Can anyone explain the white milky dried up pool, and if my theory on the sizzle is correct?

Thanks

And as I expected... It auto buddered on me.

Milky white residue is leftover water content ... More heat and/or time is needed to rid the oil of excess moisture. The white residue will vanish.

The moisture is also the source of your sizzle.

Cold boiling your ethanol will aid in preservation of the terpene profile.

Ethanol can be tricky to purge, as the solution forms a skin on the surface, requiring a bit of heat to loosen the "matrix"...so the solvent can escape.

I can't recall how many times I've sampled winterized oils and the pleasant taste of Everclear was a very prominent note on the pallet. Yes, it actually tastes good.

I've found the same to be true with ISO extracts, made via NO heat at all...
That sweet aftertaste is traces of esters from the ISO.

I do not know if these are harmful or not , but I add heat at the end of evaporation of all my concentrates.

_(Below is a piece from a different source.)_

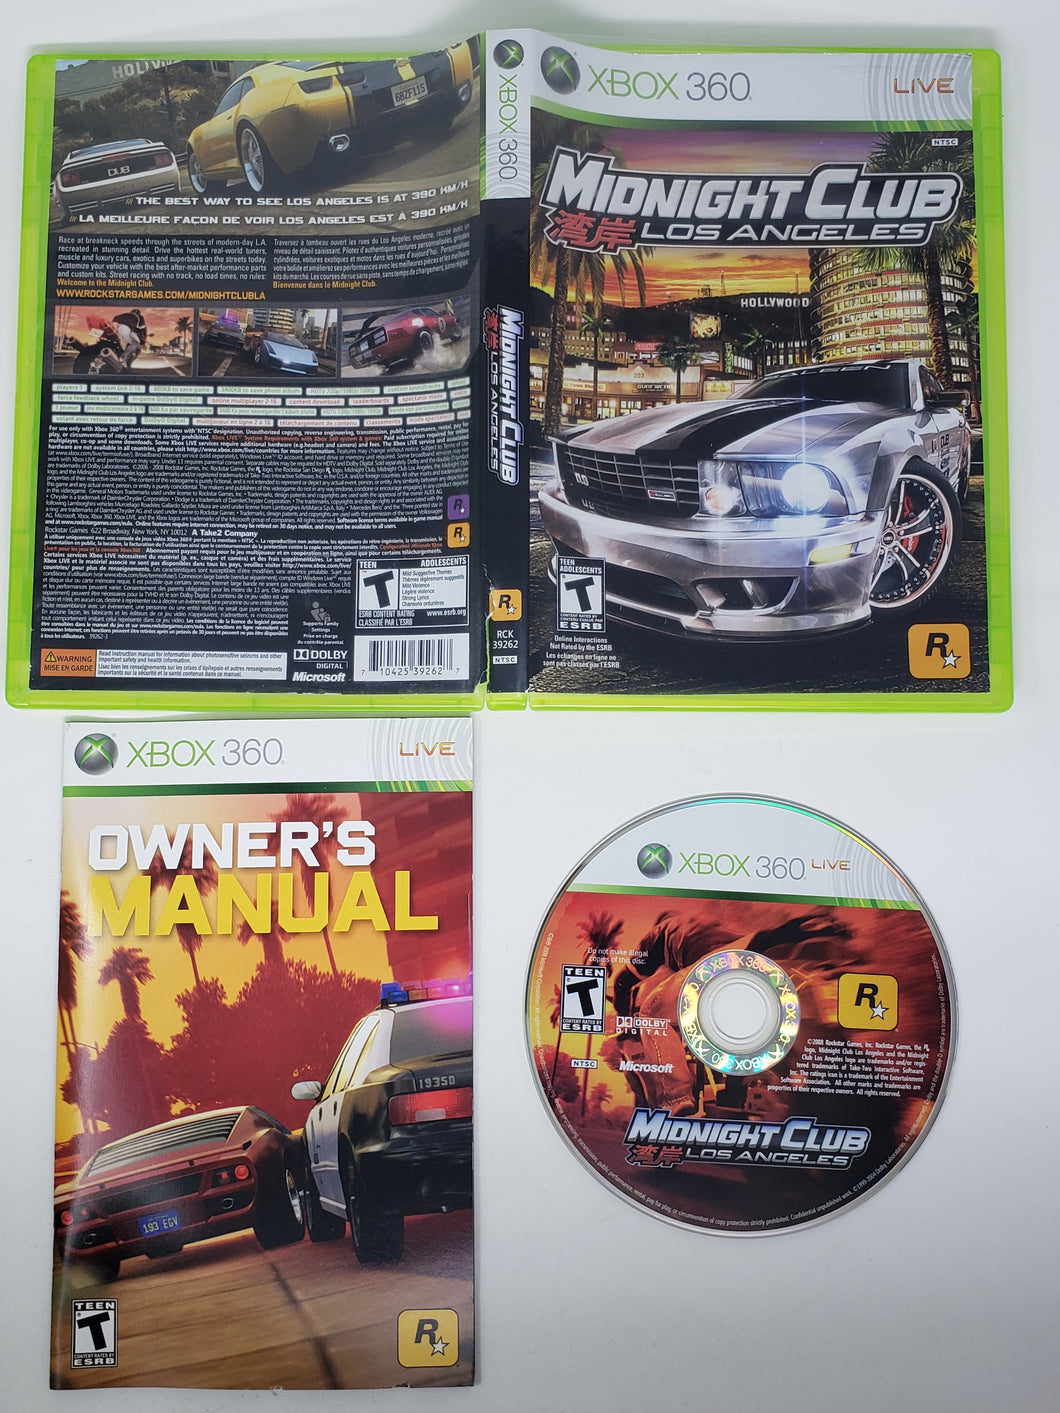 Midnight Club Los Angeles - Microsoft Xbox 360

Each extract I make, the primary and/or secondary solvent is ALWAYS evaporated at ambient temps, with exception of butane extracts when ambient temps are below freezing.(pre-heated sand is used).

That being said, each one is also finished by further purging with heat and/or vac.

IMO Purging is a separate process than evaporation.

So even after I let it sit and evap, I should have ran it through my vac chamber? Hmm, thanks for the heads up.